Of course it’s easy to say there are problems with using prestige to help allocate funding, but what’s the alternative? The answer isn’t trying to stamp out prestige-based evaluation in science — even if we could eliminate prestige, whatever we replaced it with would become the new prestige.
Personally, I’m partial to solutions that increase the diversity of funding sources for scientific research. The biomedical research funding ecosystem is dominated by a small number of risk-averse mega-grantmakers like the NIH. This concentration arguably gives funders too much power, which is part of the reason why researchers need to spend half of their time writing grants instead of getting on with research.
Compare this to the start-up funding ecosystem, which is a much more distributed market; if a founder strikes out with a particular angel or venture capitalist, there are plenty more who might be receptive to the founder’s vision. Because venture capitalists need to compete for access to the best deals, they are also plausibly much more accommodating to entrepreneurs than scientific funding institutions are to the scientists they support.

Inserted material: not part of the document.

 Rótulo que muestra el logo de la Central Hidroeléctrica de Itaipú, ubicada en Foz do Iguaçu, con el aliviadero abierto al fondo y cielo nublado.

The benefit of encouraging greater diversity in biomedical research funding sources — whether by founding new focused research organisations (FROs), or breaking up the NIH — is that it engenders a diversity of funding criteria. Because different organisations are likely to value different things when making funding decisions, it’s harder to game the system. The more diverse the decision makers, the more diverse the portfolio of funded research — and hopefully, the lower the burden of prestige accumulation.
Thanks to Jake Parker for giving feedback on a draft of this piece
The full title is “The Trajectory of Discovery: What Determines the Rate and Direction of Medical Progress?”
Yes, I’m aware of Gödel's incompleteness theorems
The US National Institute of Health. I mostly talk about the US in this piece because the NIH is by far the most significant funder of academic biomedical research globally
Although Robin Hanson has argued that funders are not necessarily buying outcomes, but prestige and status by association
Great article Alex! Do you think there's an argument to make for even larger groups and common research directions in biomedical research to counter the burden of prestige? The idea would be that you don't have to fight for the limited funding/prestige to start your own lab and can instead join a larger organization.
I ask because from my experience in theoretical physics and computer science, it's much cheaper to fund a bunch of people trying very different things. As you write in your essay though, biomedical research is expensive. It seems like having a bunch of small labs doing different (maybe overlapping) things would be ideal, but isn't once you factor in funding. With consolidated groups, you would relieve some of the big costs in running experiments and getting the appropriate equipment, right?
I like the employment of metaphors. It's a different style from most scientific writing, and it offers a fresh perspective.